Ihr werdet vor uns in Provincia sein. Sobald wir ankommen, werde ich versuchen, dich zu finden. Pass auf dich auf, bis wir uns wiedersehen. Du fehlst mir.
Henry
»Gibt es was Neues?«, fragte North. Den Brief an die Brust gepresst, drehte ich mich langsam um. Er lächelte, und dieser
seltene Anblick hielt mich beinahe davon ab, ihm etwas davon zu erzählen.
»Henry hat geschrieben«, sagte ich schnell. »Und du hast einen Brief von Pascal bekommen.«
»Was hatte Henry zu erzählen?« Er beugte sich vor, um besser sehen zu können, aber ich drückte den Brief an mich.
»Dass es meiner Familie gut geht, und er mit ein paar anderen geflohen ist«, sagte ich. »Sie werden kurz nach uns in Provincia sein.«
»Das ist ja ausgesprochen praktisch«, sagte North. »Zu dumm, dass wir keine Zeit haben werden, auf eine Tasse Tee vorbeizuschauen. «
» Ich werde die Zeit haben«, erwiderte ich.

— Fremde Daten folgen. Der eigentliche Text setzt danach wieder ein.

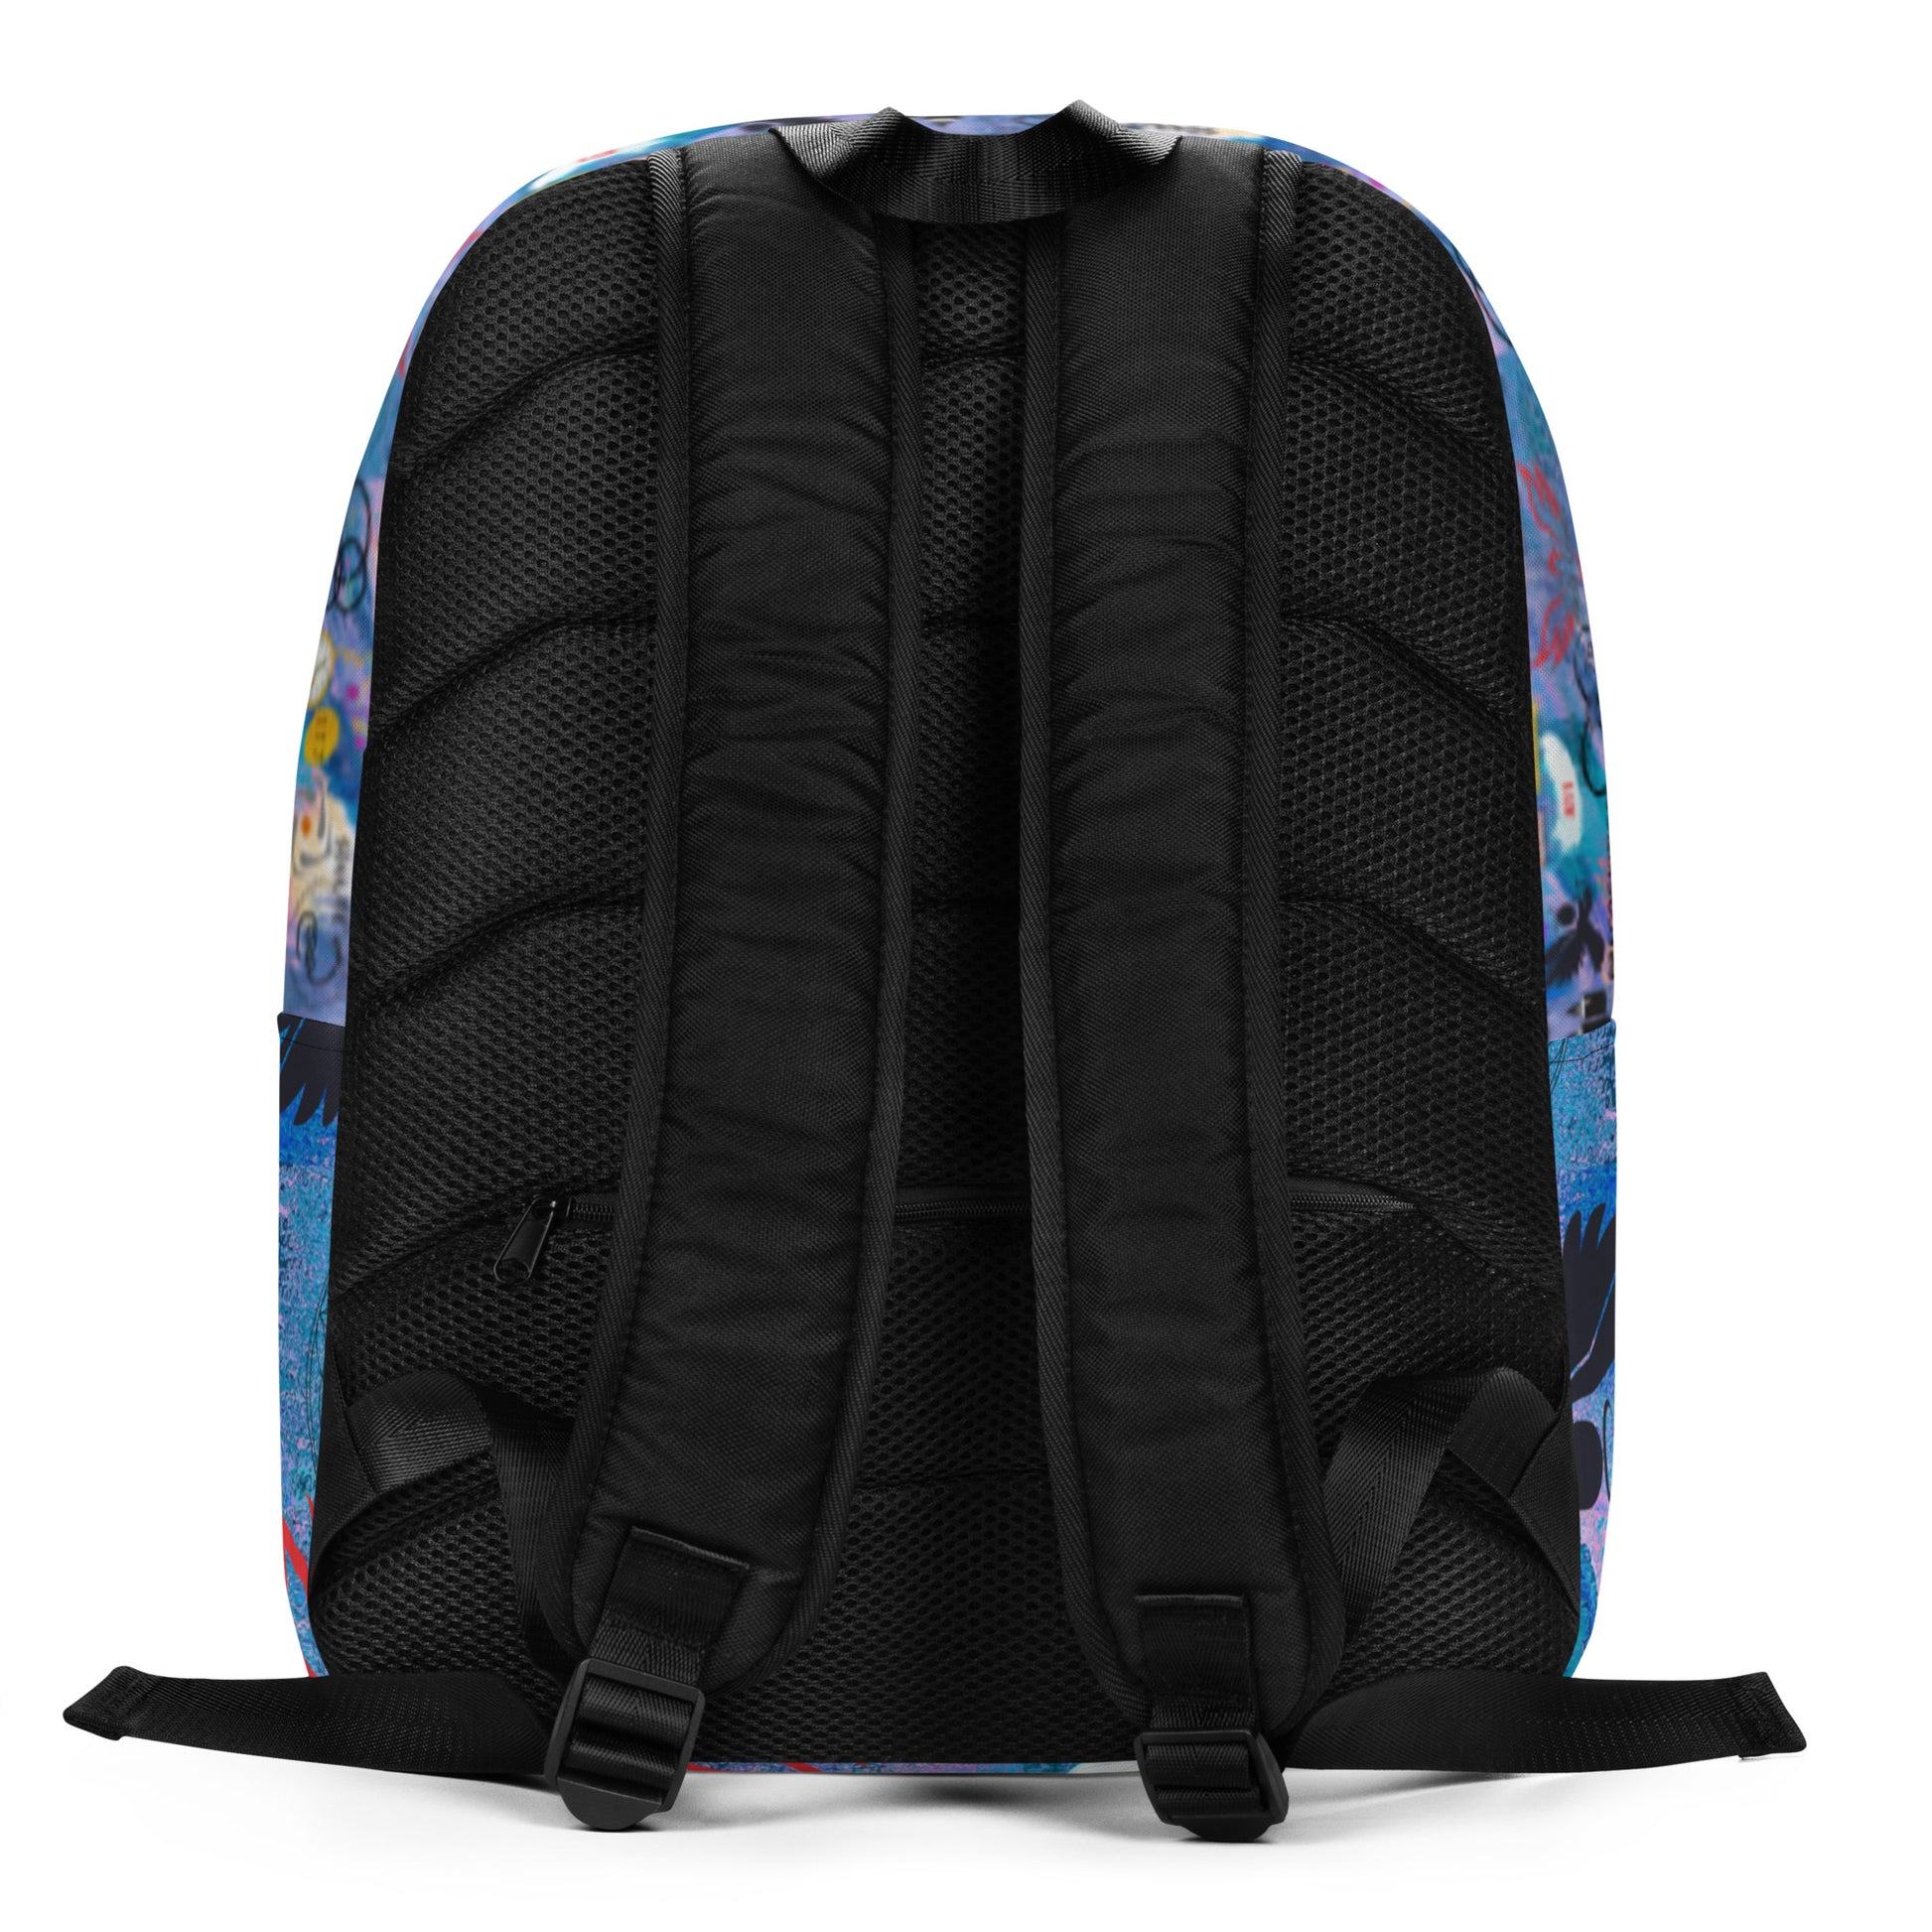 All-over print bluish/purple, minimalist backpack, back with padded ergonomic bag straps (all black). Spiritual images and words of death, rebirth, transformation, reincarnation, love, and spiritual awakening. Otherworldly quote, "See You Next Lifetime," with angel numbers, angel, candles, hearts, feather, musical notes, phoenix, butterfly, infinity symbol, stars, circles, pocket watch, dream catcher, and dreamer in bed having premonitions. JAMILLIAH'S WISDOM IS TIMELESS SHOP - wisdomistimeless.com.

»Sei dir da mal nicht zu sicher«, sagte er und streckte die Hand nach meinen Locken aus. »Vielleicht behalte ich dich ja auch ganz für mich.«
Mir war nicht wohl, als ich ihn ansah. Die Berührung war so vertraut. North hatte das in den letzten Wochen oft getan. Aber es fühlte sich falsch an, jetzt zu genießen, dass er es tat, während ich doch Henrys Brief in der Hand hielt.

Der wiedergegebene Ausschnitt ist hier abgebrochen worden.